Together, these changes fix the false leak reports.

gcc/analyzer/ChangeLog:
	PR analyzer/99042
	PR analyzer/99774
	* engine.cc
	(impl_region_model_context::impl_region_model_context): Add
	uncertainty param and use it to initialize m_uncertainty.
	(impl_region_model_context::get_uncertainty): New.
	(impl_sm_context::get_fndecl_for_call): Add NULL for new
	uncertainty param when constructing impl_region_model_context.
	(impl_sm_context::get_state): Likewise.
	(impl_sm_context::set_next_state): Likewise.
	(impl_sm_context::warn): Likewise.
	(exploded_node::on_stmt): Add uncertainty param
	and use it when constructing impl_region_model_context.
	(exploded_node::on_edge): Add uncertainty param and pass
	to on_edge call.
	(exploded_node::detect_leaks): Create uncertainty_t and pass to
	impl_region_model_context.
	(exploded_graph::get_or_create_node): Create uncertainty_t and
	pass to prune_for_point.
	(maybe_process_run_of_before_supernode_enodes): Create
	uncertainty_t and pass to impl_region_model_context.
	(exploded_graph::process_node): Create uncertainty_t instances and
	pass around as needed.
	* exploded-graph.h
	(impl_region_model_context::impl_region_model_context): Add
	uncertainty param.
	(impl_region_model_context::get_uncertainty): New decl.
	(impl_region_model_context::m_uncertainty): New field.
	(exploded_node::on_stmt): Add uncertainty param.

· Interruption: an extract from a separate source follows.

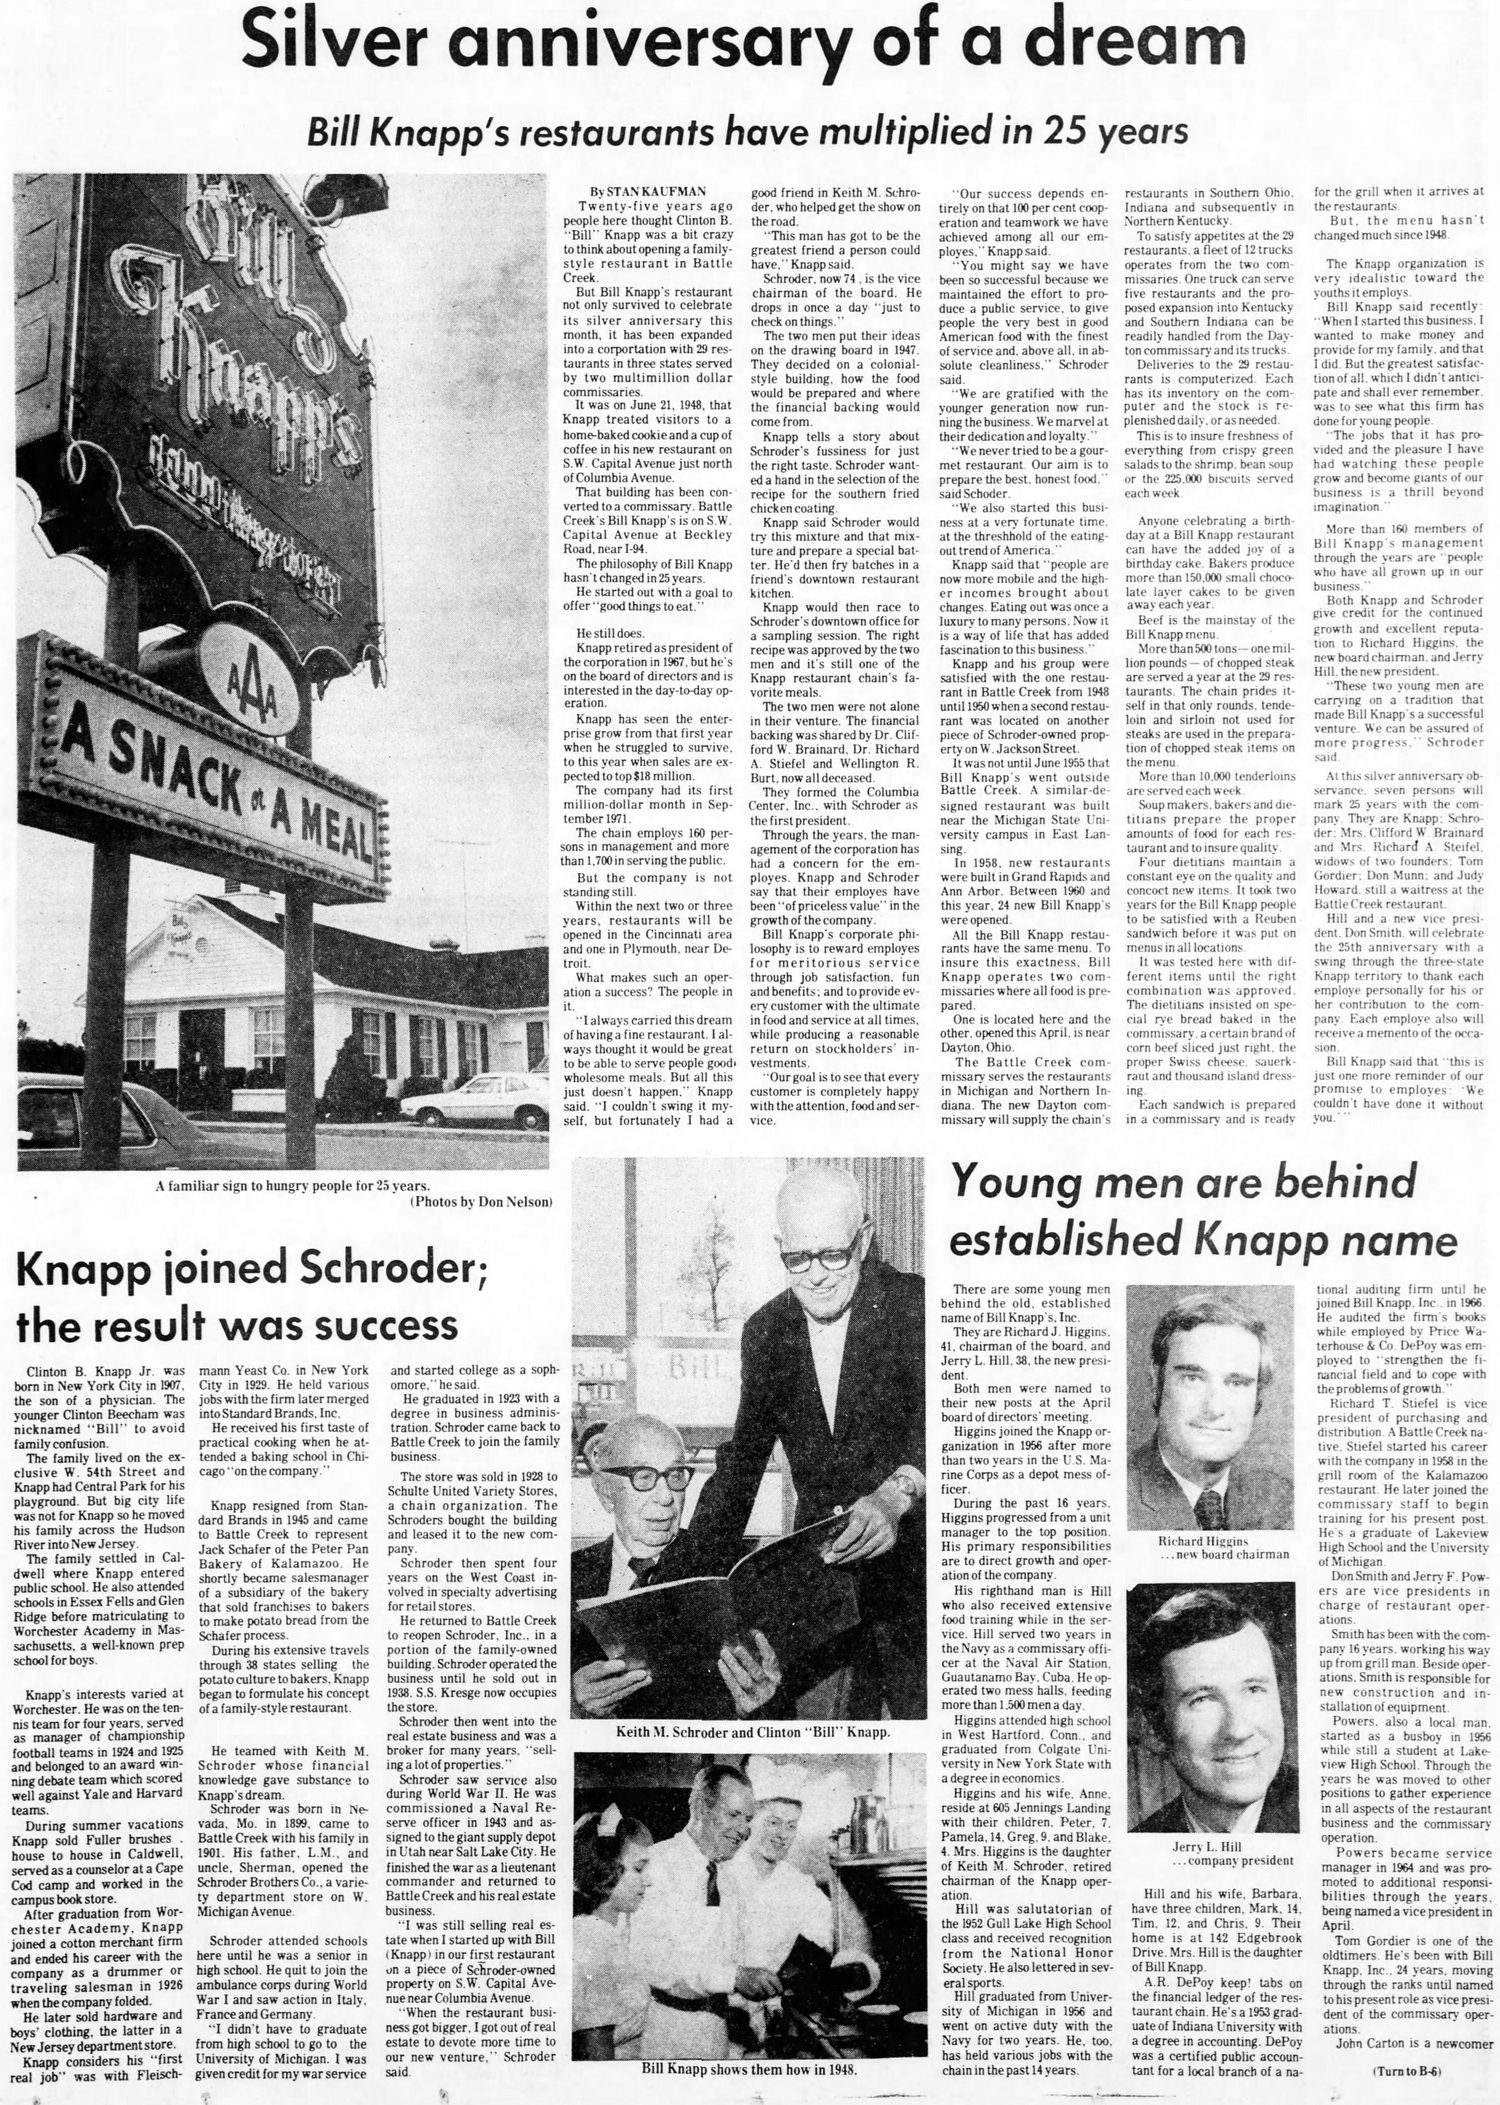 Bill Knapps - Jun 24 1973 Feature Article (newer photo)

	(exploded_node::on_edge): Likewise.
	* program-state.cc (sm_state_map::on_liveness_change): Get
	uncertainty from context and use it to unset sm-state from
	svalues as appropriate.
	(program_state::on_edge): Add uncertainty param and use it when
	constructing impl_region_model_context.  Fix indentation.
	(program_state::prune_for_point): Add uncertainty param and use it
	when constructing impl_region_model_context.

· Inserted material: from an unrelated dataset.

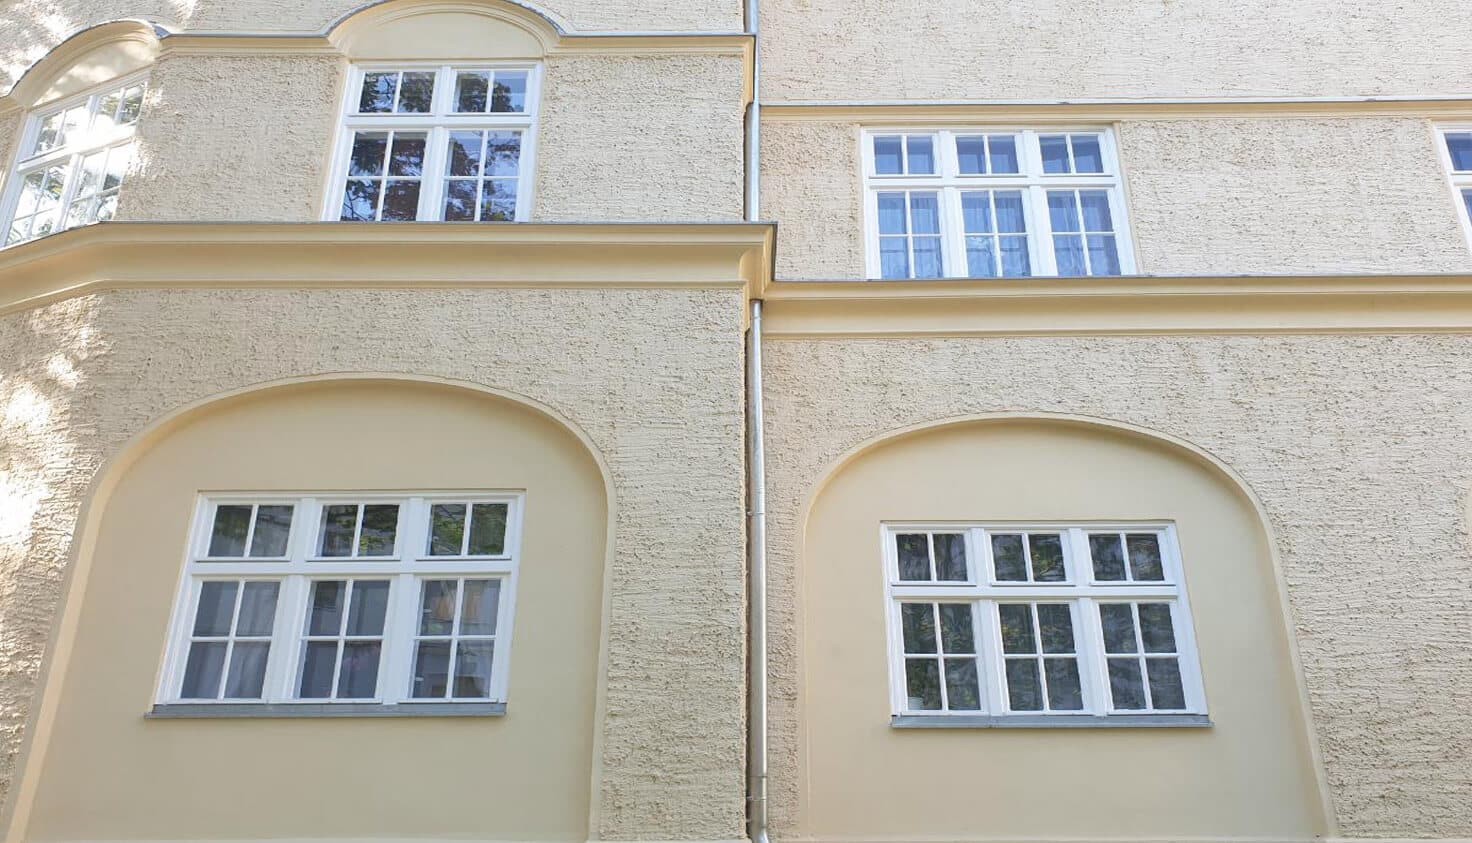 06-Sanierung-von-Altbaufenstern-referenz-malerbetrieb-kluge-berlin.jpg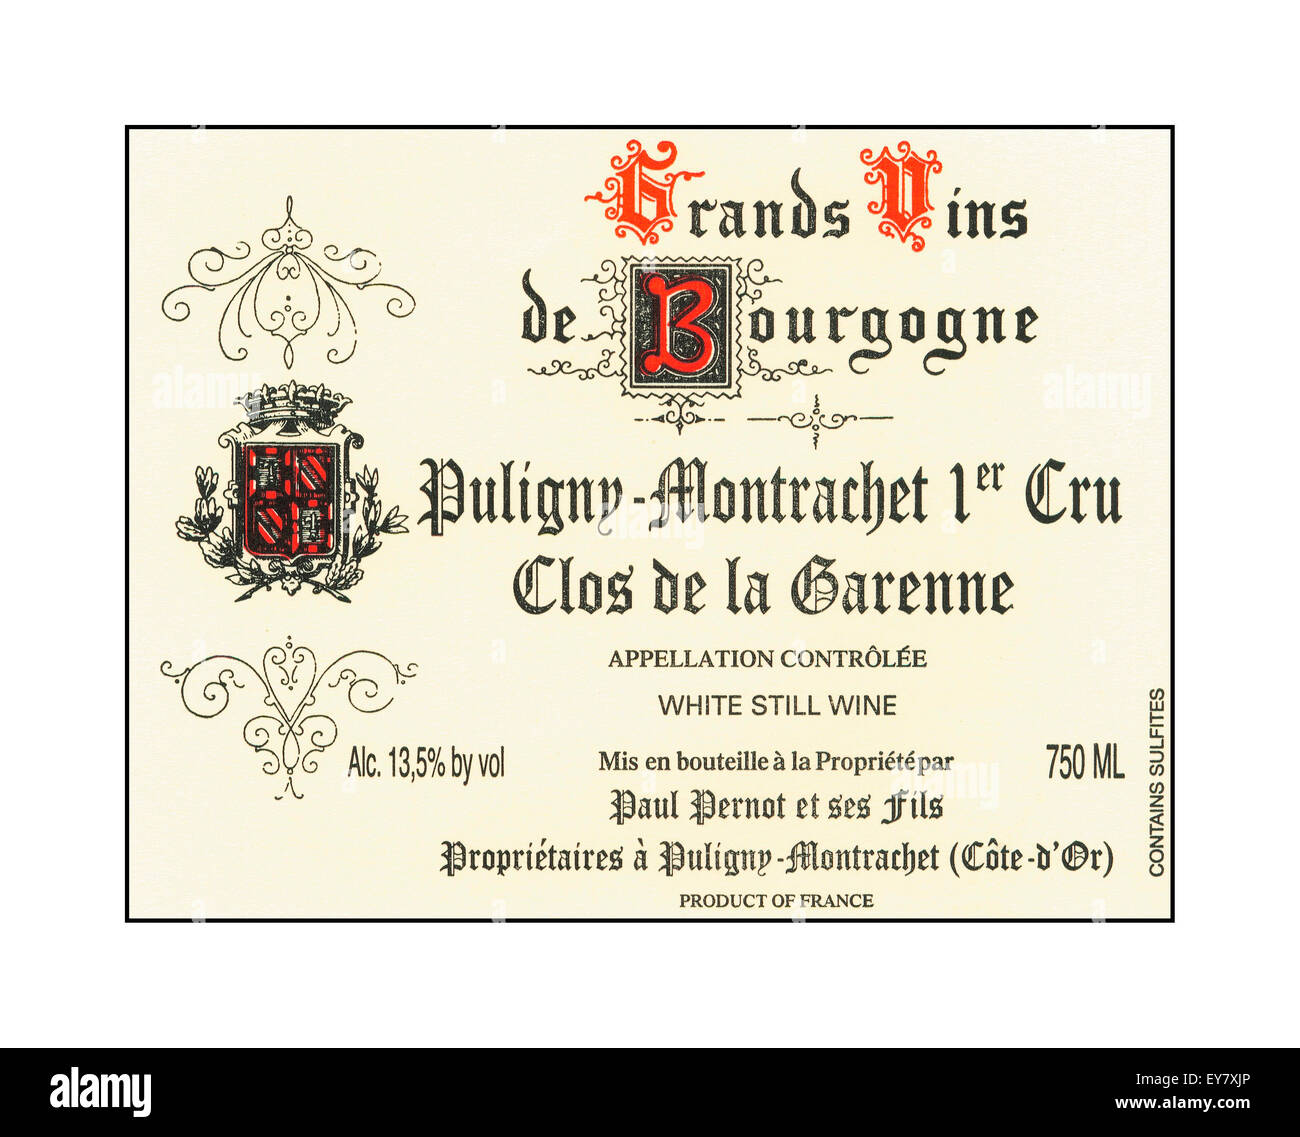 Etiqueta para botella de vino francés Puligny-Montrachet 1er Cru Clos de la Garenne Cote d'Or Borgoña Francia Foto de stock

	(program_state::detect_leaks): Get any uncertainty from ctxt and
	use it to get maybe-live svalues for dest_state, rather than
	definitely-live ones; use this when determining which svalues
	have leaked.
	(selftest::test_program_state_merging): Create uncertainty_t and
	pass to impl_region_model_context.
	* program-state.h (program_state::on_edge): Add uncertainty param.

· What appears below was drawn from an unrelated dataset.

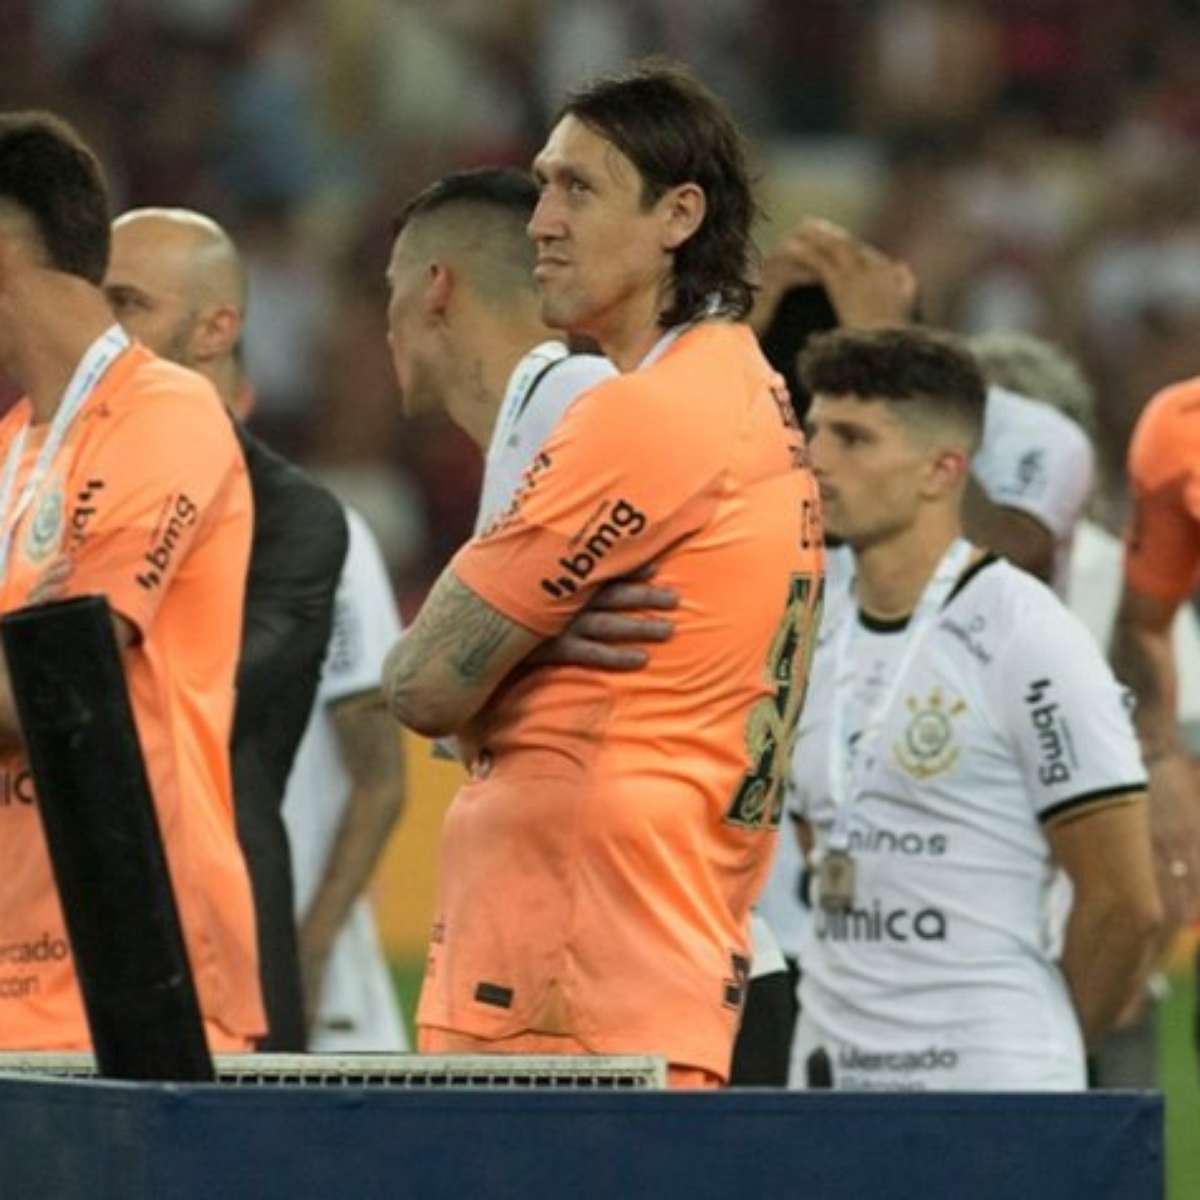 Cássio vence prêmio de melhor goleiro da Copa do Brasil

	(program_state::prune_for_point): Likewise.
	* region-model-impl-calls.cc (call_details::get_uncertainty): New.
	(region_model::impl_call_memcpy): Pass uncertainty to
	mark_region_as_unknown call.
	(region_model::impl_call_memset): Likewise.
	(region_model::impl_call_strcpy): Likewise.
	* region-model-reachability.cc (reachable_regions::handle_sval):
	Also add sval to m_mutable_svals.
	* region-model.cc (region_model::on_assignment): Pass any
	uncertainty from ctxt to the store::set_value call.
	(region_model::handle_unrecognized_call): Get any uncertainty from
	ctxt and use it to record mutable svalues at the unknown call.
	(region_model::get_reachable_svalues): Add uncertainty param and
	use it to mark any maybe-bound svalues as being reachable.
	(region_model::set_value): Pass any uncertainty from ctxt to the
	store::set_value call.
	(region_model::mark_region_as_unknown): Add uncertainty param and
	pass it on to the store::mark_region_as_unknown call.
	(region_model::update_for_call_summary): Add uncertainty param and
	pass it on to the region_model::mark_region_as_unknown call.
	* region-model.h (call_details::get_uncertainty): New decl.
	(region_model::get_reachable_svalues): Add uncertainty param.
	(region_model::mark_region_as_unknown): Add uncertainty param.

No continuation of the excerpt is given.